Now we need a similar revolution, but for Apple’s software frameworks.

But that’s a topic for another day.


This is longer than a tweet would be so instead of making a Twitter thread that’s super annoying that you have to scroll through, I’ll make an actual blog post like a gentleman.

I have a free idea for Apple: SwiftScript.

It’s the successor to AppleScript. It doesn’t replace Shortcuts, but it’s what you graduate to after you outgrow Shortcuts.

the basics

(note: I’m describing this in present tense like it exist, but it doesn’t. I’m sorry, I don’t mean to get you all excited over nothing; it’s just easier to describe it that way instead of constantly with qualifiers)

It’s an actual programming language. It can look Swift-like. Hell, it could even be Swift. I’m not really digging into details here; I just want to do broad strokes.

AppleScript is an actual programming language too, but SwiftScript drops the cutesy English-like syntax which always sounded great on paper but is a nightmare in practice. Instead, we make SwiftScript really easy and approachable by making everything super discoverable.

Unlike the AppleScript editor which is basically just an empty editor you type text into and click “Run,” hoping for the best, SwiftScript is always meant to be interacted with by offering a REPL. You are constantly expected to dig around with this REPL and figure out what’s what in the language and in the apps you want to automate. Everything you type is very much autocompleted, and things are strongly typed so that the SwiftScript environment can always tell you what a thing is, and what you can do with that thing.

You know how web browsers have inspectors that let you click on any element in a page and see it in the DOM? The SwiftScript inspector can let you do the same, except with all the applications on your device. You can look at the Mail app and click a message in the message list and it’ll tell you about the Message entity, what fields a message has, and what methods you can call on the message. Clicking on the Search box will show you related objects, like an object to construct a search for messages. No guessing at what something is called or poring through docs you don’t quite understand. You see something you want to automate, and SwiftScript will show you what you’re dealing with.

Now, for this to be useful, we have to make apps that have very rich SwiftScript libraries for the scripts to use.

What I mean here is that when an app supports SwiftScript, every single entity in the app exposes a SwiftScript API. Shortcuts has been a cool thing to see in iOS (and now the Mac) but far too often I find myself wanting to automate something only to find that it just can’t be done because there isn’t anything close to resembling an action for it. SwiftScript won’t be limited like that; as a programmer you’ll be able to programmatically do virtually anything you can manually do as a user.

going past just a scripting language

So far, the SwiftScript I’ve described is fundamentally a nicer AppleScript, mostly predicated on the idea that you invoke a script, and then run it.

But SwiftScript can do more. SwiftScript apps can offer hooks throughout the app where SwiftScript scripts you write can act automatically when those hooks happen.

For instance, Mail might offer a hook for a new message coming into the Resumes folder (a folder which gets populated by a filter, perhaps). You might then make a SwiftScript that watches for this event, and then whenever a message of this sort comes in, it searches the message for the resume attachment, saves that file to a designated folder, then creates a to-do item in OmniFocus directing you to review that resume complete with the name of the applicant (from the From field), a link to the file itself, and a link back to the original Mail message.

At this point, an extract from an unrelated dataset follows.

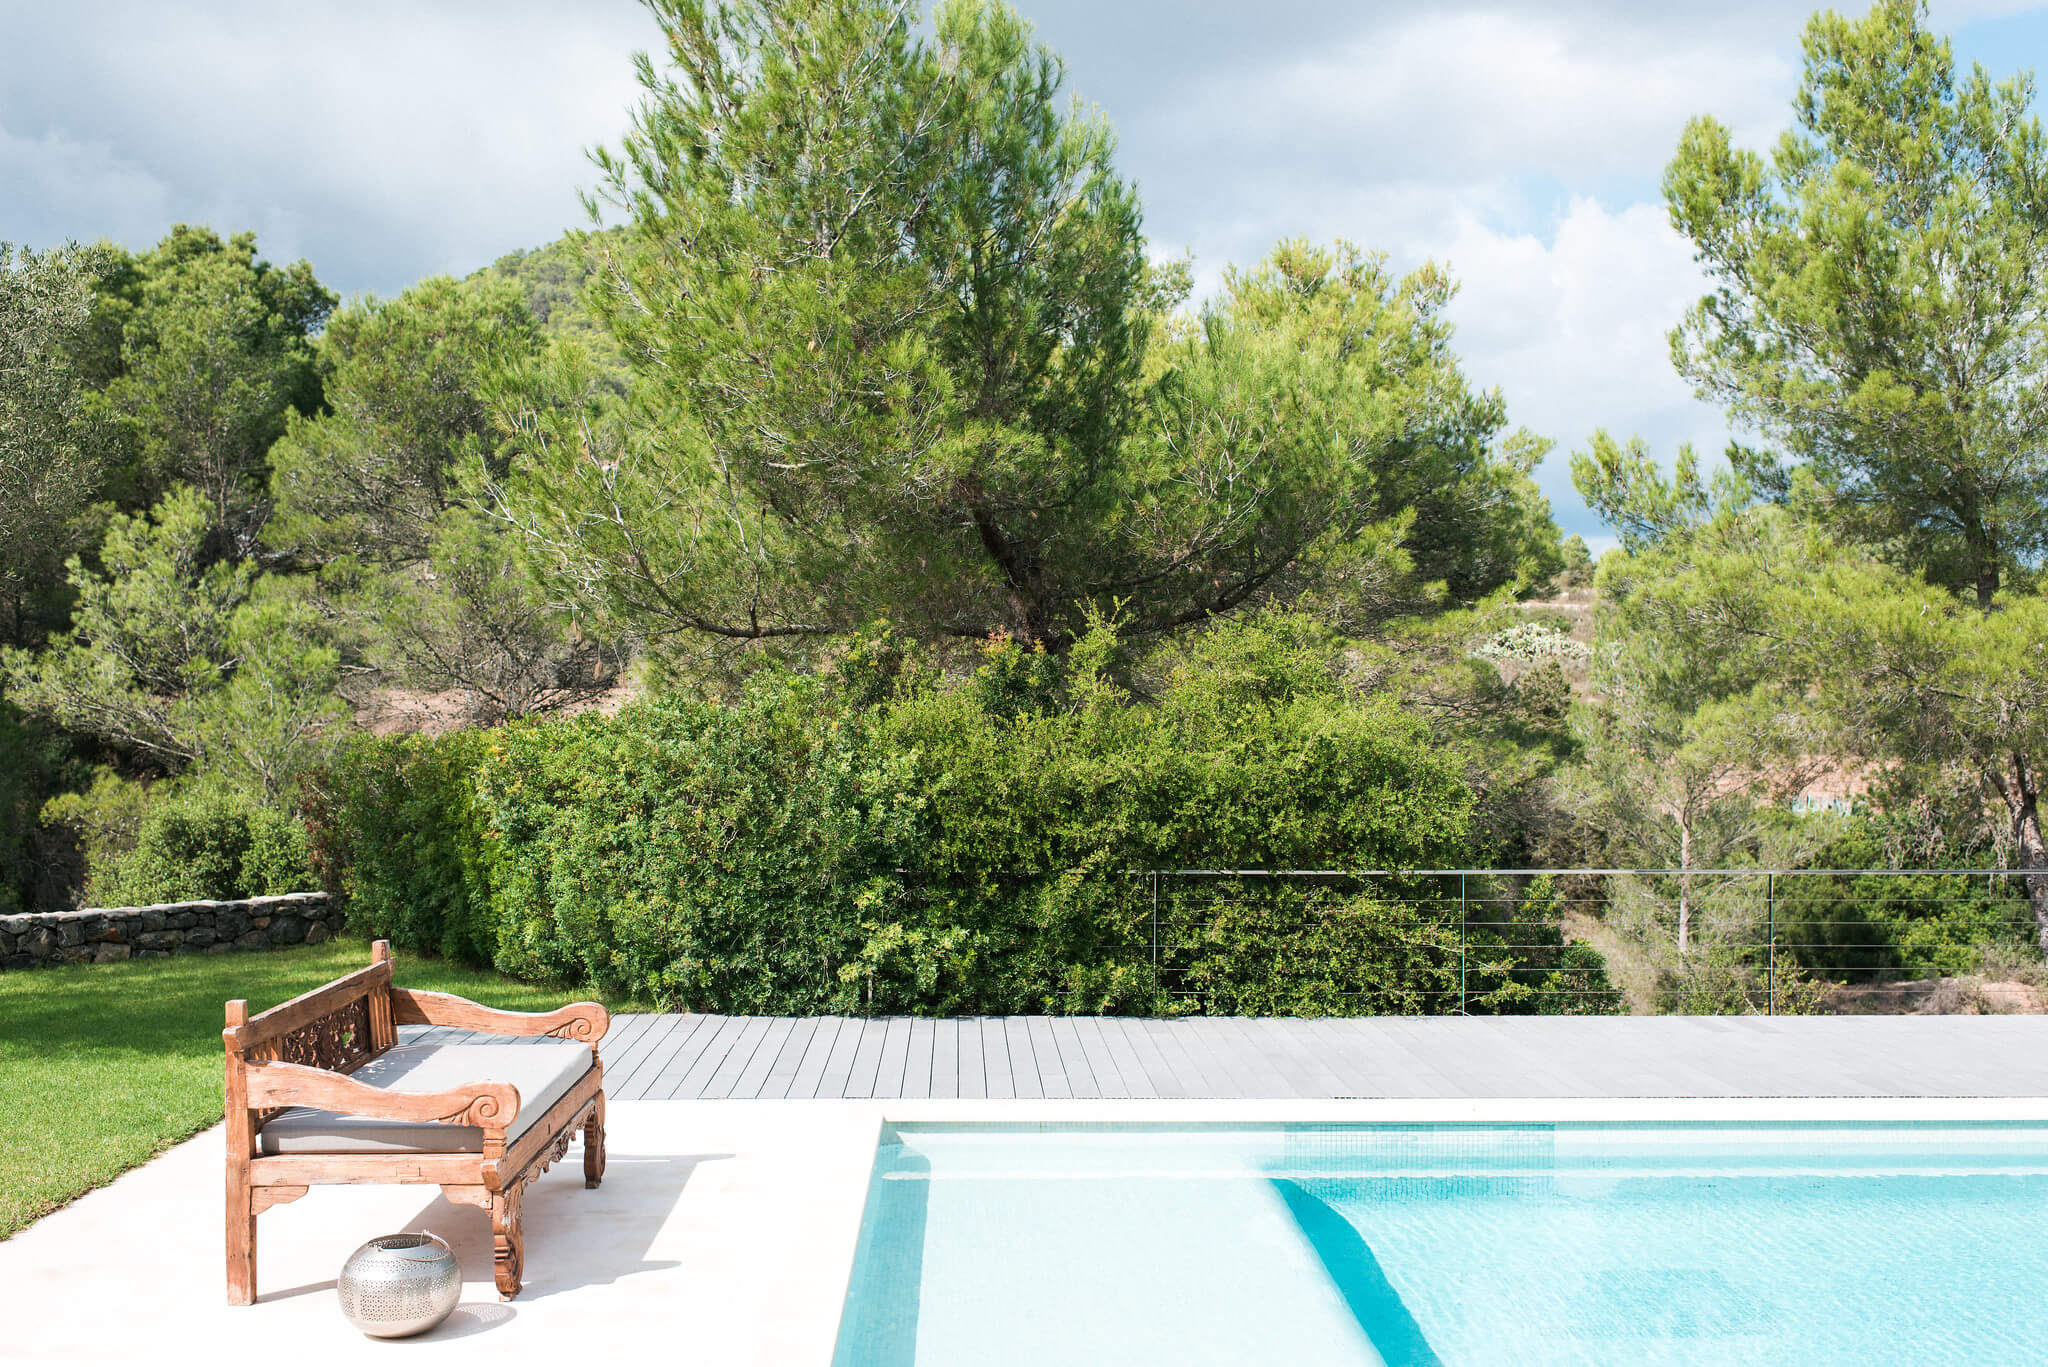 https://www.white-ibiza.com/wp-content/uploads/2020/05/white-ibiza-villas-casa-estrella-exterior-pool-chair.jpg

Then, you might add another script that watches for replies to messages, and if you’re replying to a message in the Resumes folder, and then it will present you with a small GUI that asks you whether you are moving forward with that applicant or not, and based on that response, fills out a message for you with the appropriate details supplied from a template, with fields that you can fill in with the right added information. If we want to get really elaborate, maybe when you email a candidate you want to interview, the email might even include a few options for interview times in the coming days based on your availability in the time you blocked off in the afternoons for interviews.

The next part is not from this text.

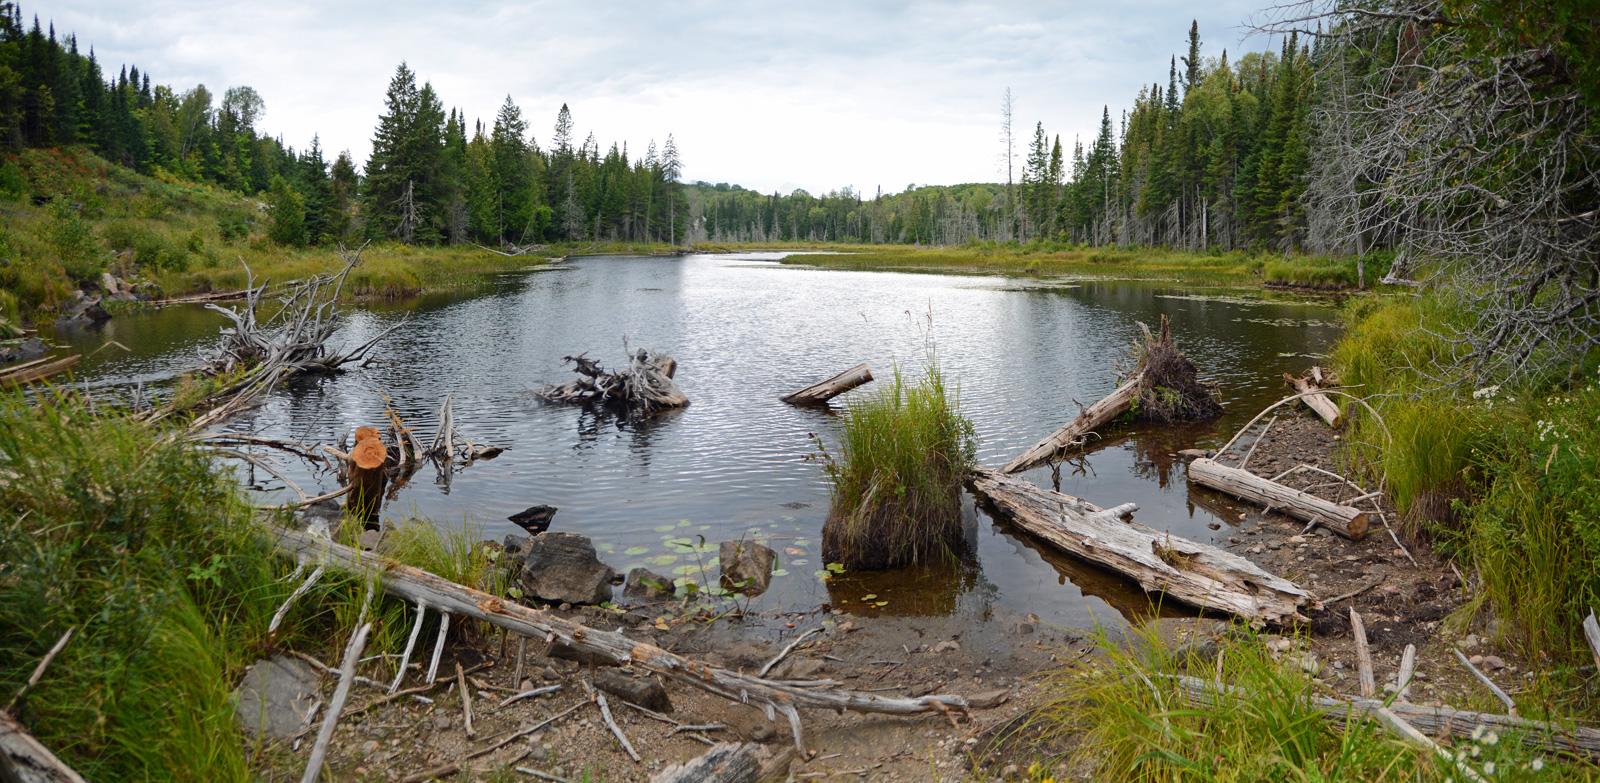 https://0901.nccdn.net/4_2/000/000/04b/787/dead-wood-lake.jpg

But SwiftScript goes beyond just the applications’ APIs and the hooks they can provide. SwiftScript also is a powerful general-purpose programing language in its own right, with access to super powerful libraries. So not only can you perform repetitive tasks, the kinds of tasks you can let the computer perform can get increasingly sophisticated.

For instance, you might make a script that fires when you favorite a tweet in Twitter, and then the script will save that tweet’s contents to a database. A lot of tweets’ contents are just an image of text, so your SwiftScript can check to see if the tweet includes images, and if it does, check the image to see if it’s text, and if so, OCR the image and save that text into the database so that it’s easily searchable later.

You could even watch that text for certain key words and then tag that tweet in your database if appropriate.

apple: please take this idea and run with it!

The thing that’s just beautiful about SwiftScript here is that it turns any user into an application developer. But you don’t have to know how to develop a full application yourself; you really just get the power of all the apps you already have, but SwiftScript is there to help you fill in the gaps.

It’s clear that Apple looked at its automation story and saw that although AppleScript is quite powerful and continues to have a cult following (think of how amazing it is that AppleScript actually made the jump from classic MacOS to OS X and it’s still around and even works with Shortcuts), they saw a product that’s too complex, and decided that the future of automation on Apple platforms had to be not just made easier to user, but watered down.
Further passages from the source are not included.